Does branch-and-bound always achieve a globally optimal solution?

Question

I read from some references that the branch-and-bound algorithm will always obtain a globally optimal solution (not suboptimal, not local, or not approximate solution). Is that true? How to prove that?

Answer 1

The idea of branch and bound is almost close to brute force search.

We keep splitting the search space, and work on the subproblems. The bounding part of the algorithm stop us from exploring a branch only if it is proven to not consist of the optimal solution.

Since we do not discard any potential global optimal, we will find one if it exists.

Answer 2

To add to the above answer, we will always get the global optimum (not taking into account the time needed to get there).

The idea is that we try and find an integer feasible solution and search the tree if and only if the current node's fractional solution has a potential to improve the current best integer solution.

If it can't yield a better integer solution (current node's fractional solution is worse than the best integer solution), there is no need to continue exploring past the current node, as adding boundary constraints will necessary worsen the solution.

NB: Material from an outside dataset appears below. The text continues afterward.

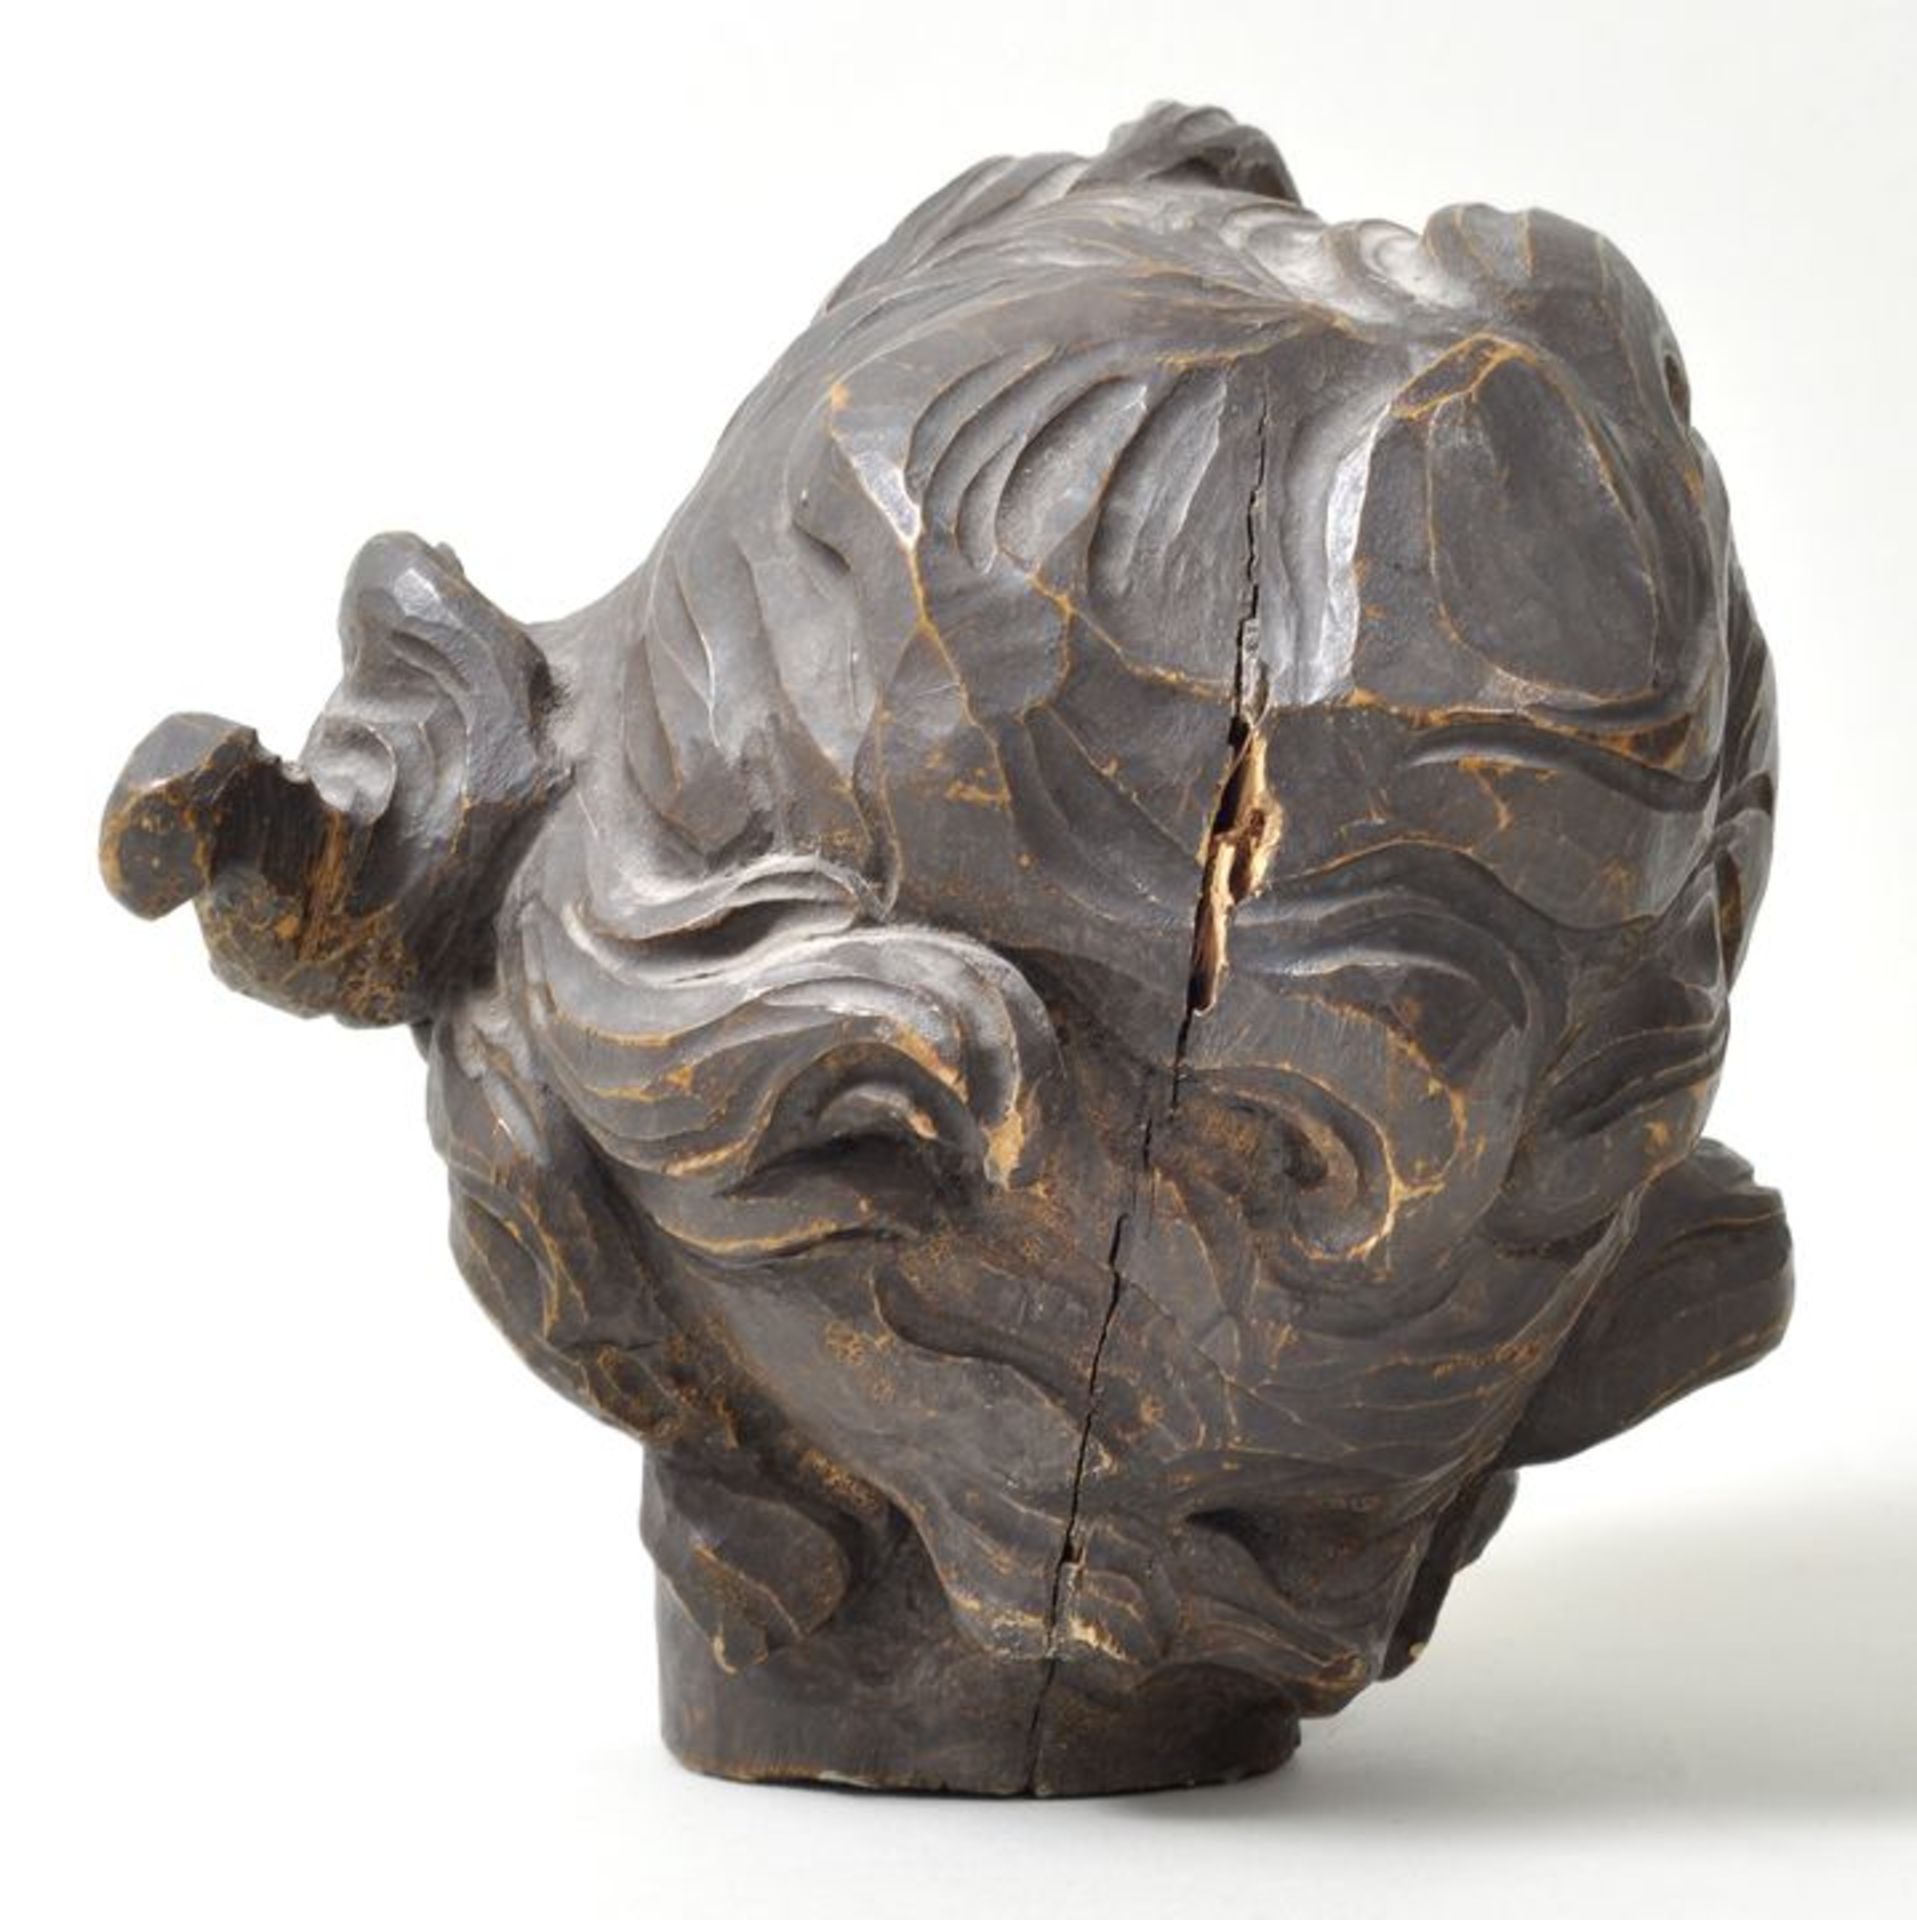 Kopf eines Putto, BarockstilHolz, vollpllastisch geschnitzt, braun gefasst. Rückseite gerissen, - Bild 2 aus 2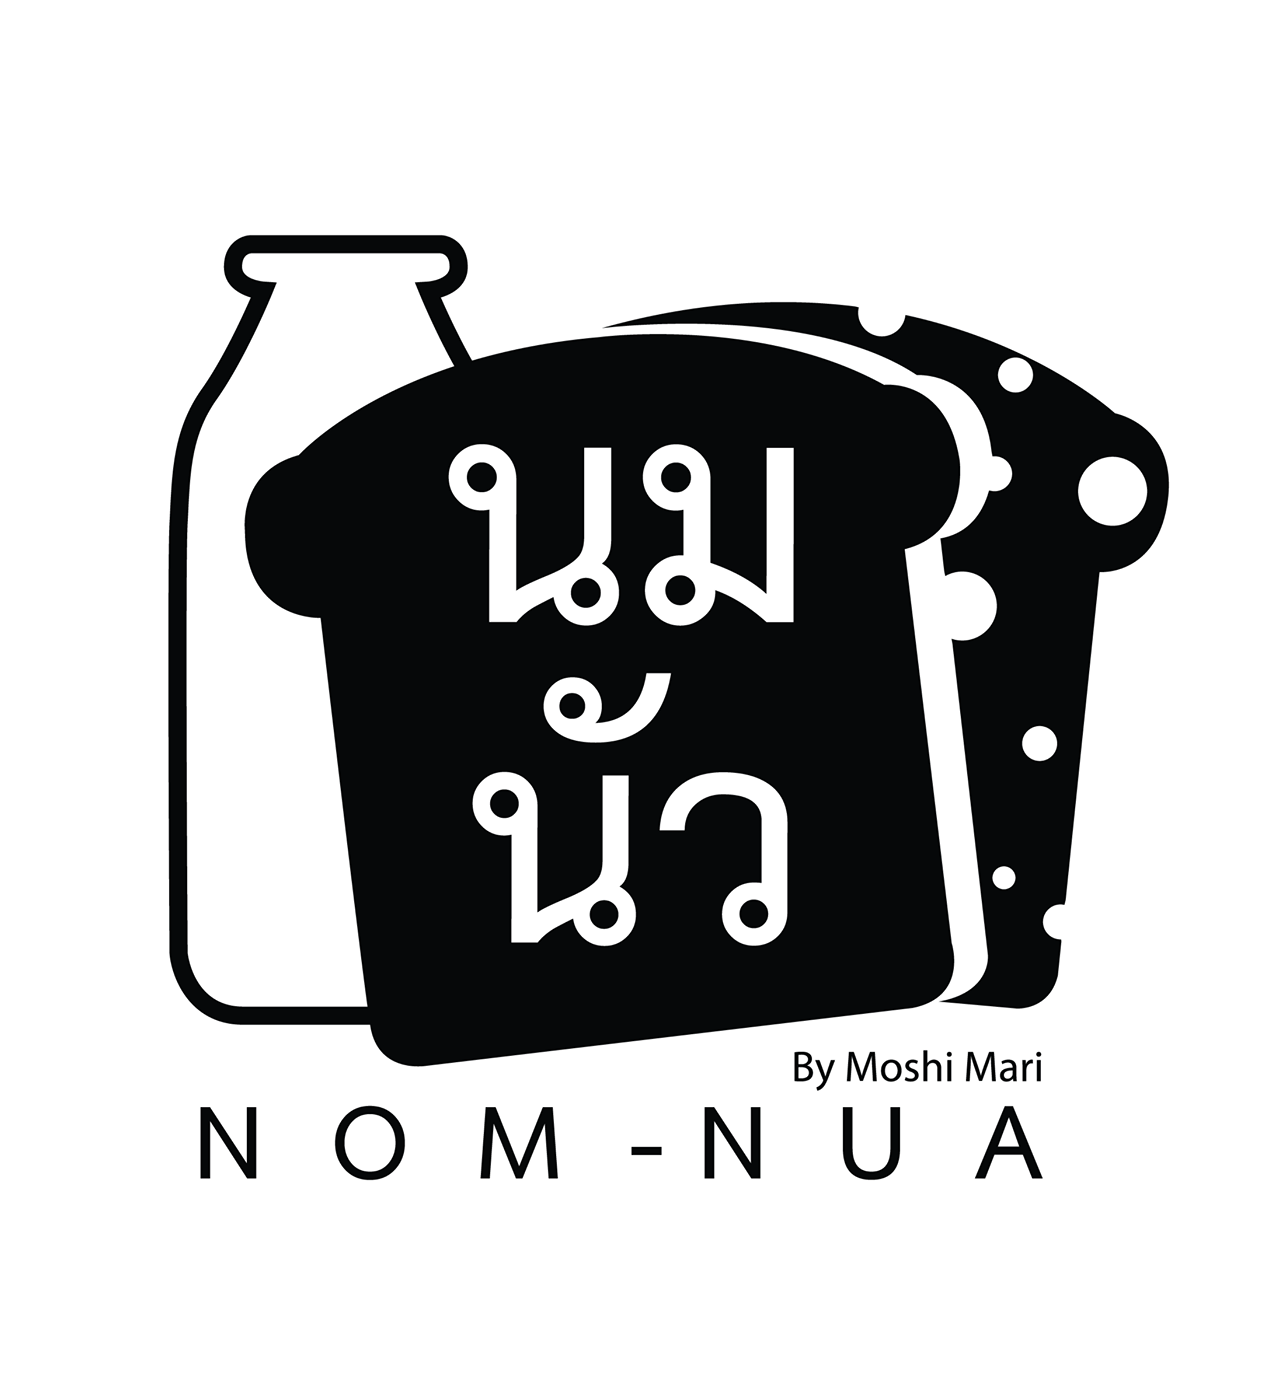 ร้านนมนัว (Nom-Nua) โชคชัย 4

If it can yield a better integer solution (if the current node's fractional solution is better than the current best integer solution), we continue branching until we either find a better integer solution, the problem becomes infeasible or the fractional solution can no longer improve on the current best integer solution.

This means that we can think of it as looking at all of the possible solutions which have the potential to improve on the current solution.

As other commenters noted, we can think of it as a smart brute force algorithm.